Opposition rejects Govt’s attempt to blame bureaucracy for dormant disaster funds
KINGSTON, Jamaica — The Opposition is calling on the Government to immediately publish a transparent expenditure plan for all outstanding disaster relief funds following a report from the auditor general indicating only 1.8 per cent of Hurricane Melissa relief funds had been spent up to February 2026.
In a statement on Thursday, Senator Cleveland Tomlinson, opposition deputy spokesperson on Productivity, Efficiency and Competitiveness, called out what he described as the Government’s attempt to hide a clear governance failure behind the convenient excuse of bureaucracy.
Tomlinson highlighted that 88 per cent of $1.44 billion in Hurricane Melissa donations remain uncommitted, with victims still waiting for relief four months after the storm.
READ: Millions Unspent
Stressing that the Amauditor general’s real-time audit is unambiguous, Tomlinson said as of February 23, 2026, four months after Hurricane Melissa made landfall, 88 per cent of the funds were not merely unspent but uncommitted entirely, meaning no plan, no contract, and no obligation existed to deploy them.
“It is unconscionable and scandalous that the Government sat on donated money while thousands of Jamaicans suffered. People were hungry. People were sleeping under damaged roofs or no roofs at all,” he argued.
“Families were struggling to rebuild their lives, and the money donated by generous Jamaicans and well-wishers to help them was simply sitting idle, going nowhere.”
“Bureaucracy slows spending. It does not prevent a government from committing funds to a purpose.
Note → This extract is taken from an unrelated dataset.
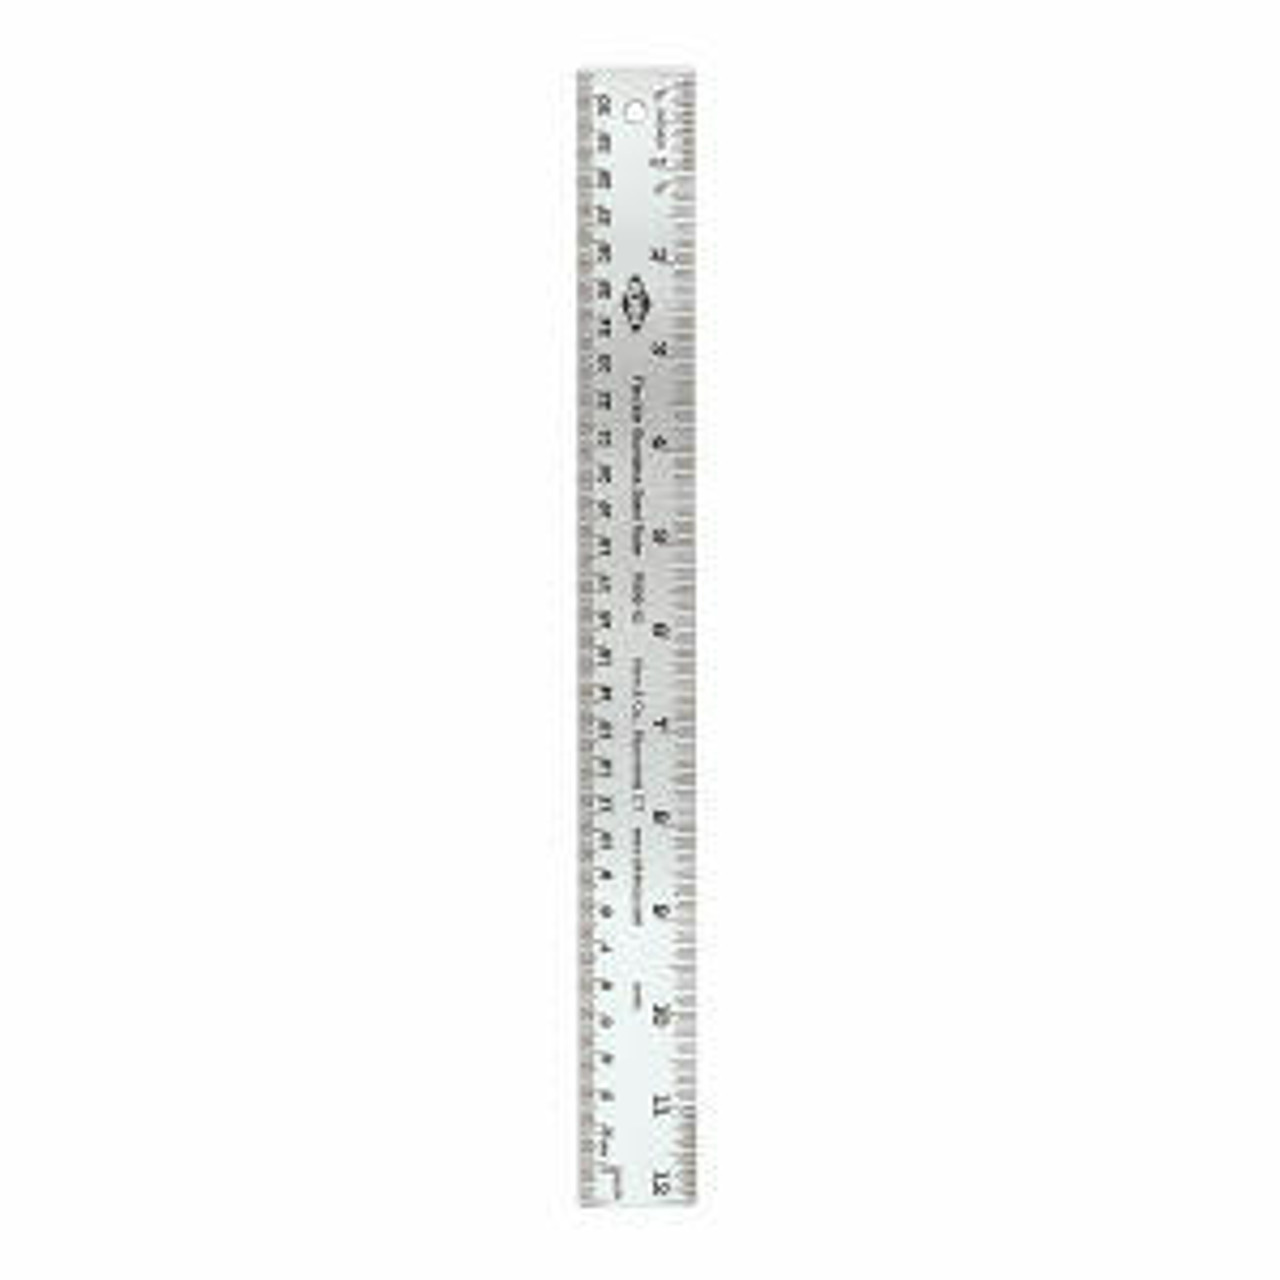 12 Inch Custom Printed Flexible Rulers

The question Jamaicans deserve answered is this: why, four months after Hurricane Melissa, did 88 per cent of donated funds have no commitment whatsoever attached to them?” said Tomlinson.
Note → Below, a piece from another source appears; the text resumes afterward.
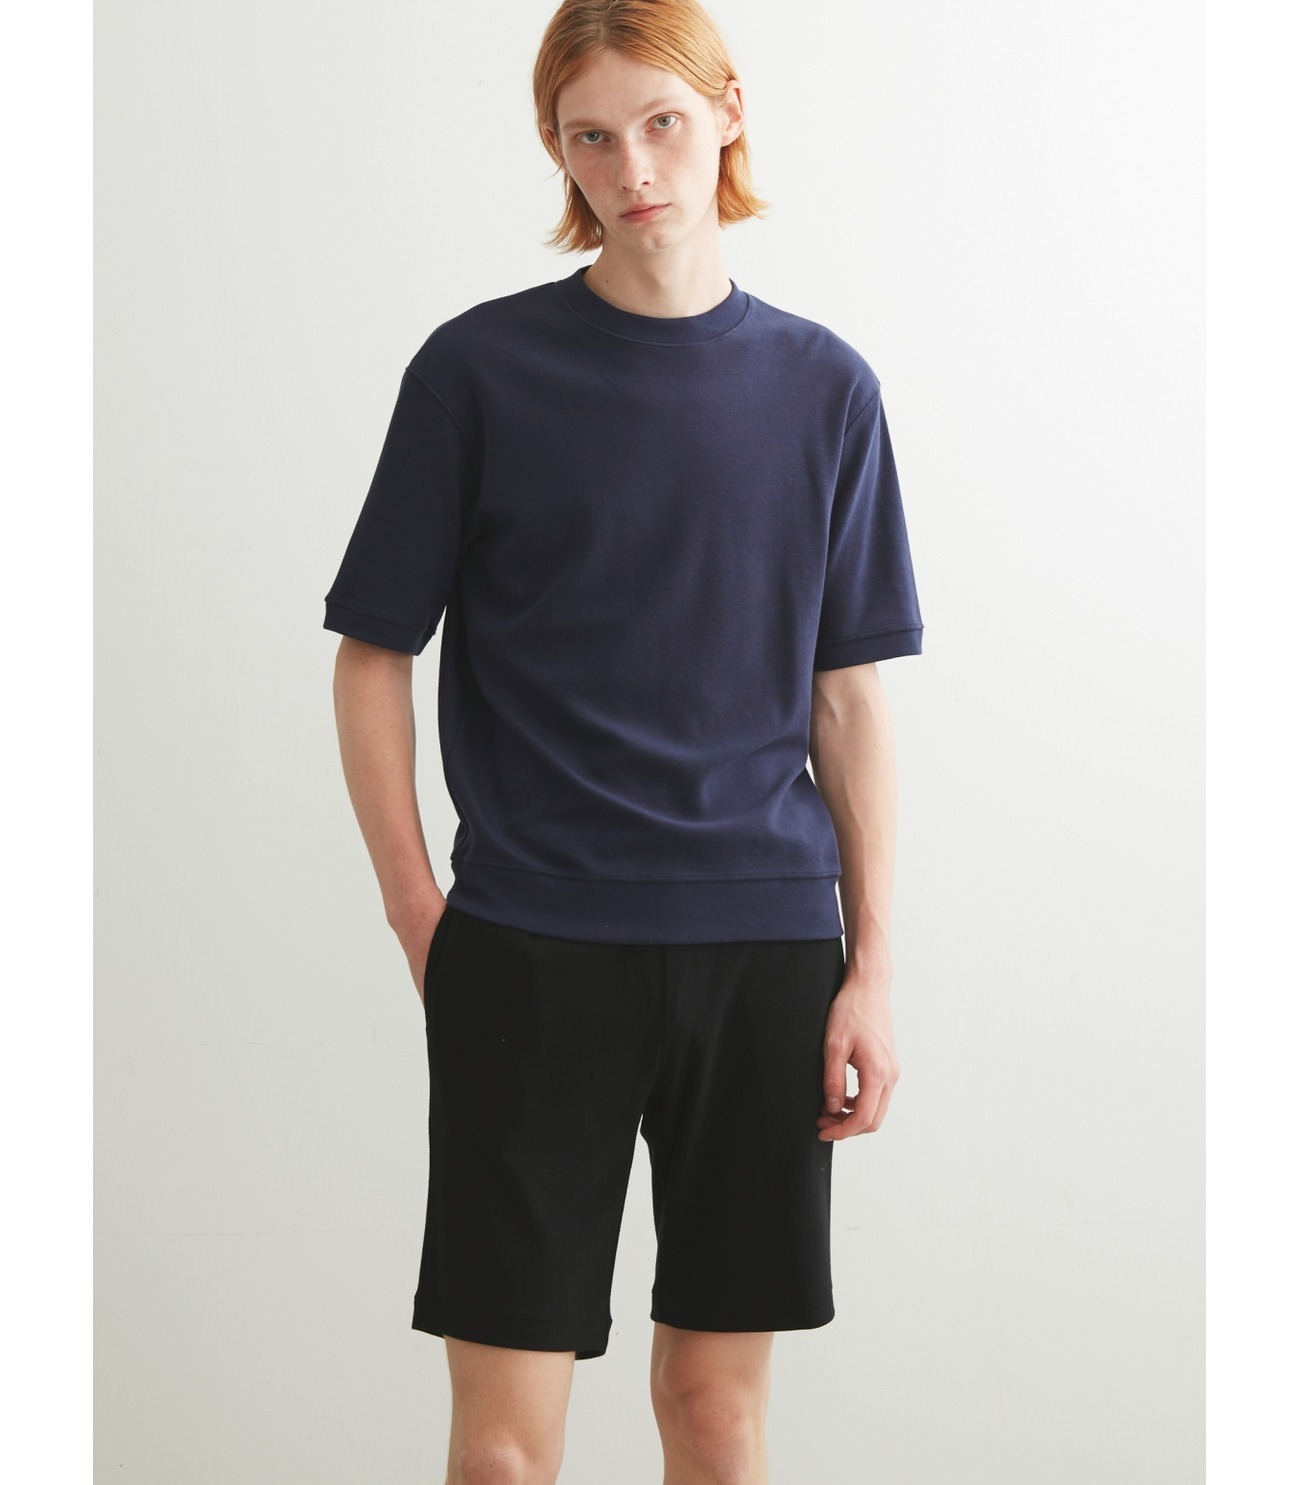 Men's compact pile shorts 詳細画像 black 7

Noting that the audit further revealed that $138.8 million of Hurricane Beryl donations in 2024 remained idle and were never reported to the Ministry of Finance, as required by law, Tomlinson described the issue as a failure that predates any conversation about the National Reconstruction and Resilience Authority (NaRRA) entirely.
READ: NaRRA to dismantle bureaucratic bungling, says Duncan
The senator described it as a pattern of inefficiency on the part of the government, not that red tape prevented proper planning.
“Senator Morgan cannot credibly blame red tape for money that was never directed anywhere. These are not bureaucratic delays. This is a governance failure, and Jamaicans who donated in good faith deserve accountability, not spin,” Senator Tomlinson added.